Yiğit elleri cebinde yumruk olurken kısa bir an karşısındakine, artık tanıyamadığı, garip bir yaratığa dönüşmüş olan adama baktı. Yıllarca, evet yıllarca, olan bitene gözlerini kapatmış ve onun nasıl bir insan olduğunu ısrarla görmezden gelmişti. Ama şimdi bulundukları nokta, uçurumun kıyısıydı. Ceplerindeki elleri yumruk olurken alçak ama öfkeden boğulan bir sesle konuştu. "Bu seninle ilk ve son konuşmam baba! Tüm o iğrenç alışkanlıkların, sapkın ilişkilerin, cinsel fantezilerin... İnan içinde boğulduğumuz borç hiç kalır."

"Lafını bil..." diye başlayan adamı hırsla böldü Yiğit. "Sadece o kadar kalsa keşke! Tüm o aşağılık, iğrenç şeyler kameraya alınmış ve karaborsada haraç mezat satılacak kadar ele ayağa düşmüş! Bana aptal diyen Mehmet Cevat hazretleri, asıl aptal sensin! O egonun da iğrenç zevklerinin de Allah belasını versin!" Genç adam, çaresizliğin yanında son iki gündür yaşadığı aşağılanmanın da verdiği bir öfkeyle konuşuyordu.

"Ne diyorsun sen? Ne kamerası..." Bunu söylerken yaşlı adamın gözleri korkuyla büyümüş, yüzünün rengi iyiden iyiye sarıya dönmüştü.

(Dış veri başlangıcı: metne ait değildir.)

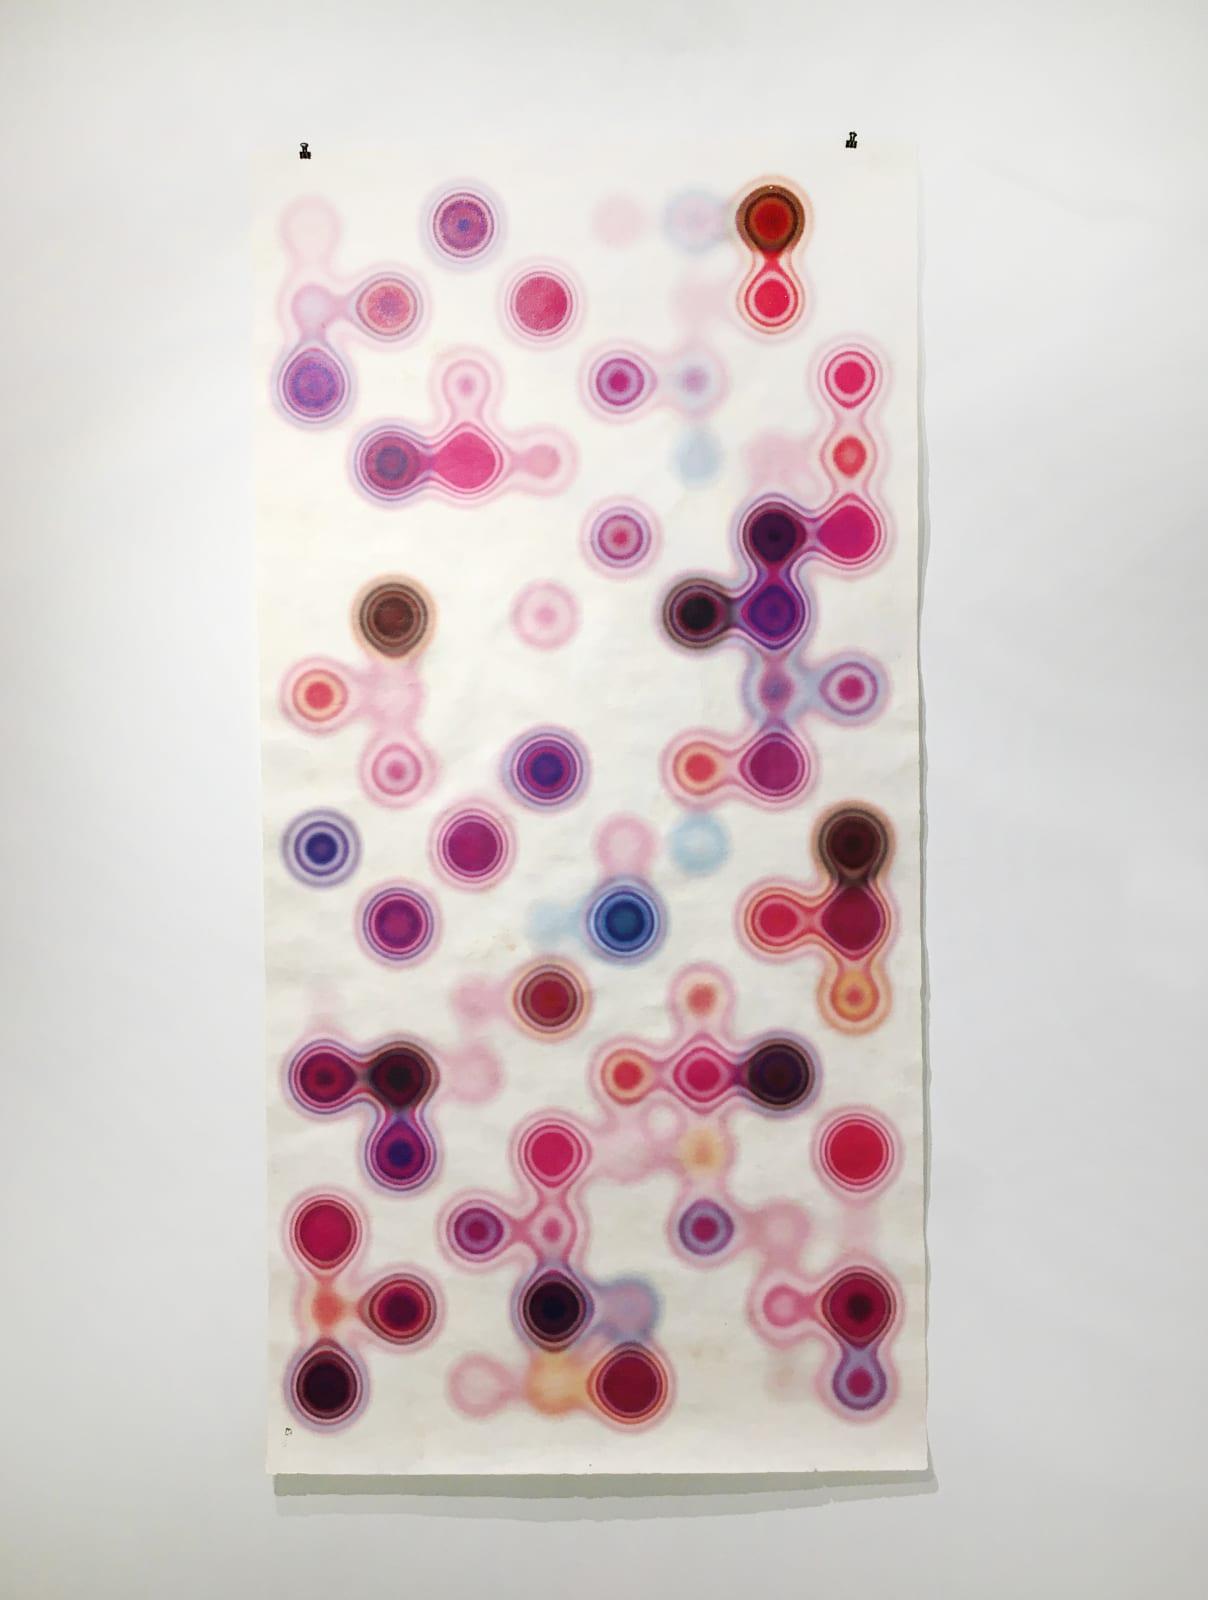 Andrés Ferrandis Amate II, 2020 Archival print 1/1 on handmade amate paper 94 x 45.5

Emir'in evinde kaldığı gece arkadaşının diz üstü bilgisayarında istemeye istemeye, Alya'nın kendisine verdiği USB çubuğundaki görüntüleri izlemişti. Allahtan arkadaşı dışarı çıkmıştı ve o iğrenç şeyleri tesadüfen de olsa görme ihtimali yoktu. Hızlıca, midesi kalkarak seyretmişti Yiğit, ne ile tehdit edildiğini iyice idrak etmesi gerekiyordu. Öyle çeşit çeşit ve farklı tarihlerde, kadınlarla ve erkeklerle çekilmişti ki... Genç adam şoka girmiş halde öylece kalakalmıştı. Çoğu, bilmediği absürt seks pozisyonlarına içi kalkarak bakmıştı. Babası... Kadınlar, erkekler... Düşündüğünden iğrenç ve felaketti durum.